Foundation
- Founder: Aizu Hyūga-no-Kami Iko (c.1452–1538)
- Date founded: c.1490
- Period founded: Sengoku period (mid-15th century–mid-17th century)

Current information
- Current headmaster: None
- Current headquarters: None

Arts taught
- Art: Description
- Kenjutsu: Sword art

Descendant schools
- Yagyū Shinkage-ryū • Kashima Shinden Jikishinkage-ryū • Oishi Shinkage-ryū Kenjutsu

= Kage-ryū (Aizu) =

Traditional school of Japanese swordsmanship

Kage-ryū (陰流) is a traditional school (koryū) of swordsmanship (kenjutsu) founded by Aizu Hyūga-no-Kami Iko (c. 1452-1538) in c. 1490. This school is also sometimes called Aizu Kage-ryū after the name of its founder.
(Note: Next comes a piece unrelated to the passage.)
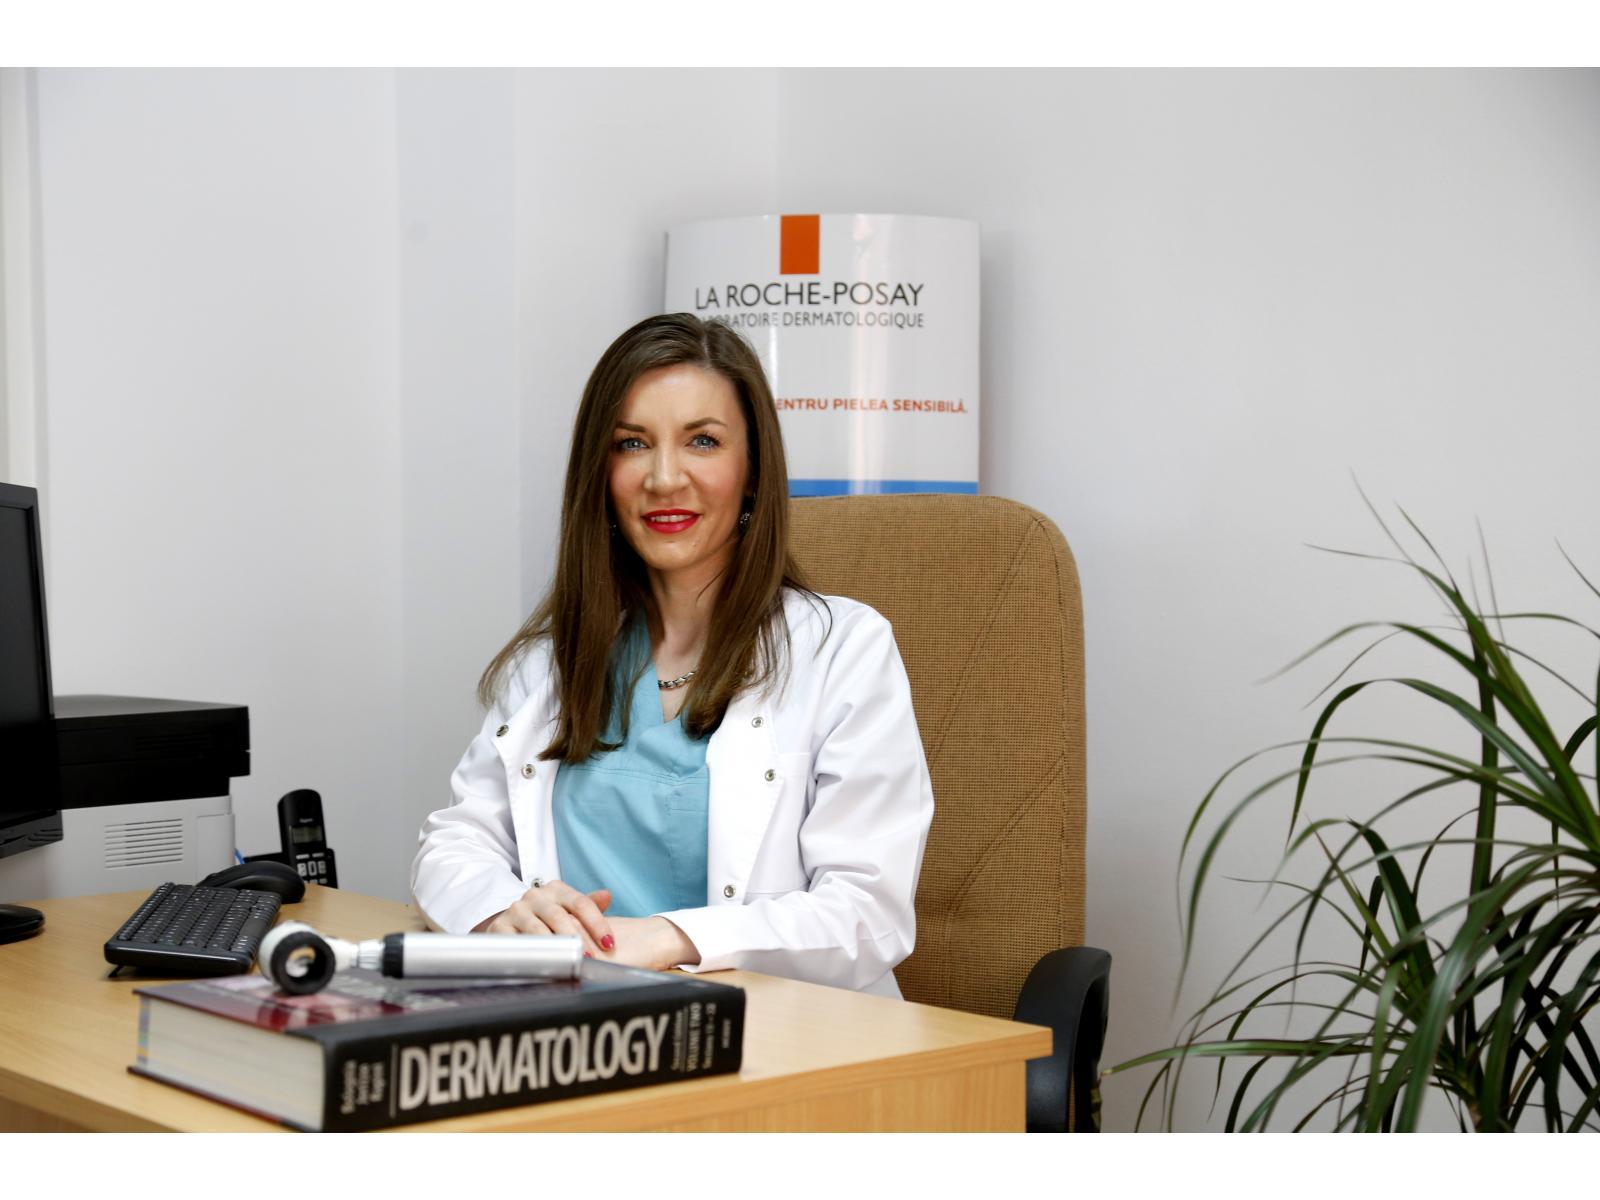 Dermisana-Clinica Dermato-estetica - _MG_5274.JPG

The founder was also known as Aizu Ikōsai Hisatada, and his surname is sometimes written as "Aisu" instead of "Aizu".

==Legacy==

Aizu had two primary students, his son Aizu Koshichiro, and Kamiizumi Hidetsugu --also known as Kamiizumi Ise-no-Kami Nobutsuna -- a famous swordsman and founder of Shinkage-ryū (新陰流), which would be renamed Yagyū Shinkage-ryū by Nobutsuna's equally famous student Yagyū Sekishūsai Muneyoshi.

==Modern practice==

Today, the Kage-ryū of Aizu Hyūga-no-Kami Iko exists only through its influence of later schools of swordsmanship, such as Yagyū Shinkage-ryū and Kashima Shinden Jikishinkage-ryū, and the many schools that they in turn influenced.